Gabby’s gaze kept on shifting between the others and him, or more specifically the others and the hand he held on his knife. In fact, he sensed that knife was the only thing that kept her from attacking.
“Get Annie out of here,” he commanded, his eyes tracking Gabby’s own. She hissed as he switched the blade from his right to his left as if she knew it was his killing hand, which would suggest a state of memory and awareness that wasn’t evident in her crazed eyes. More likely she just didn’t like any sort of movement involving the knife.

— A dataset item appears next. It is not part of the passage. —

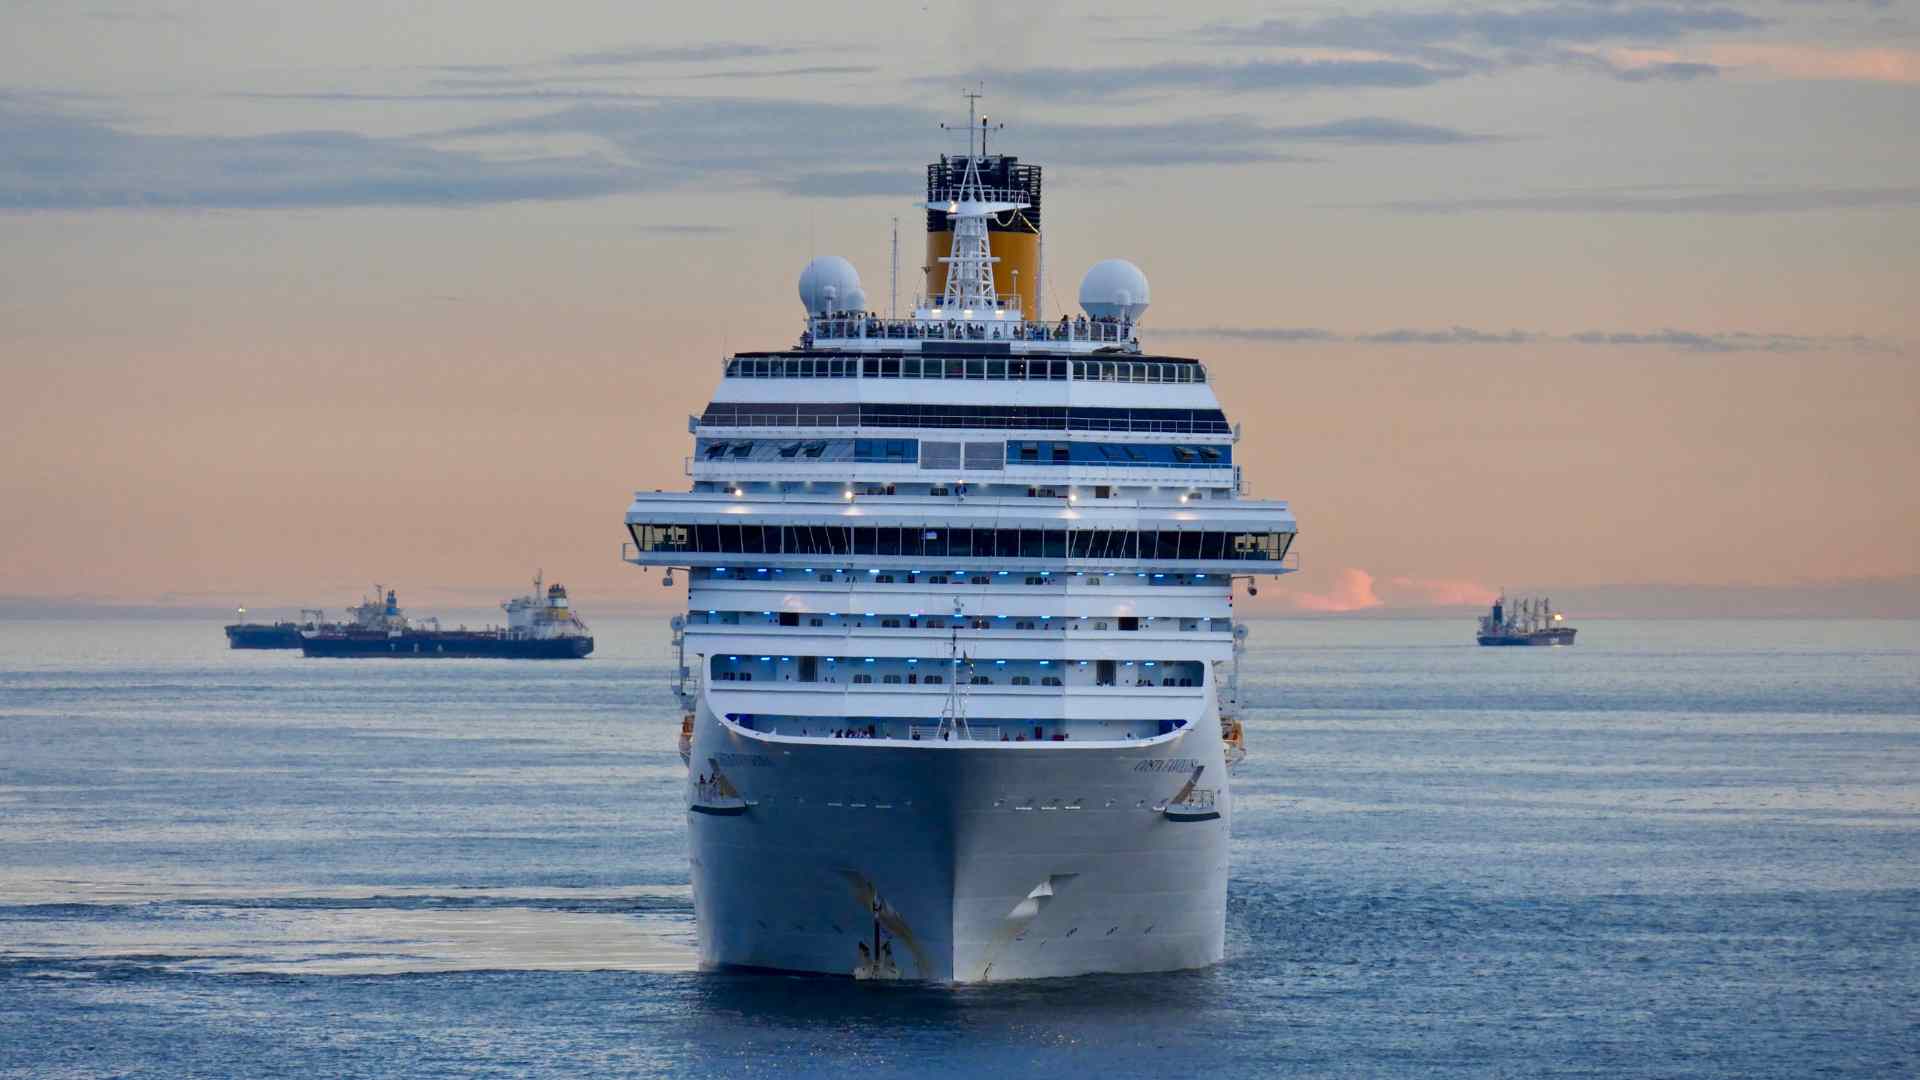 Factors Influencing Cruise Length

He knew the moment Bennett, Jacob, and his team got Annie down the hall by the comfortable weight of the shade filtering back into those gaps in reality and easing the sharp focus of colors back out. Good—when he’d done what he needed to do, that is where he’d go. Only this time he wasn’t coming back.
“Valin,” Roland growled from behind him, alerting him to the fact that not everyone had left. “What the fuck are you doing?”
Guess Roland had, at one point, seen him fight with his knife in battle.
Despite the surreal sense of detachment, it was still difficult to draw enough breath to speak and even more painful to put the knowledge of necessity into words, so it was amazing to him when his voice came out steady and strong. “You know who Gabby was in her heart, Roland. Tell me, would she want to live like this?”
“Fuck…FUCK!” Roland roared, his own pain and loss exponentially fanning Valin’s. Valin clenched his teeth, trying to tone out Roland’s explosion.
Rabid dog. Put her down. You’d want her to do the same for you.
“Look at me, Roland. I need you to look at me,” Karissa said, her voice alone like a soothing bit of coolheadedness in a room burning with misery.
Roland growled again. Valin spared the briefest of glances to see Karissa wrapping her arms around her mate. It was only a split second, but long enough that their eyes met, a silent moment of understanding passing between them before she looked away and flickered out, pulling Roland along with her as she teleported.
And then it was just him and Gabby, though not really. Without the balancing effect of Karissa’s inherent light, he could feel the evil seeping out from every molecule in the room, the dark magic that had sunk into and sustained this house of horrors for so long like a living entity breathing for the house itself.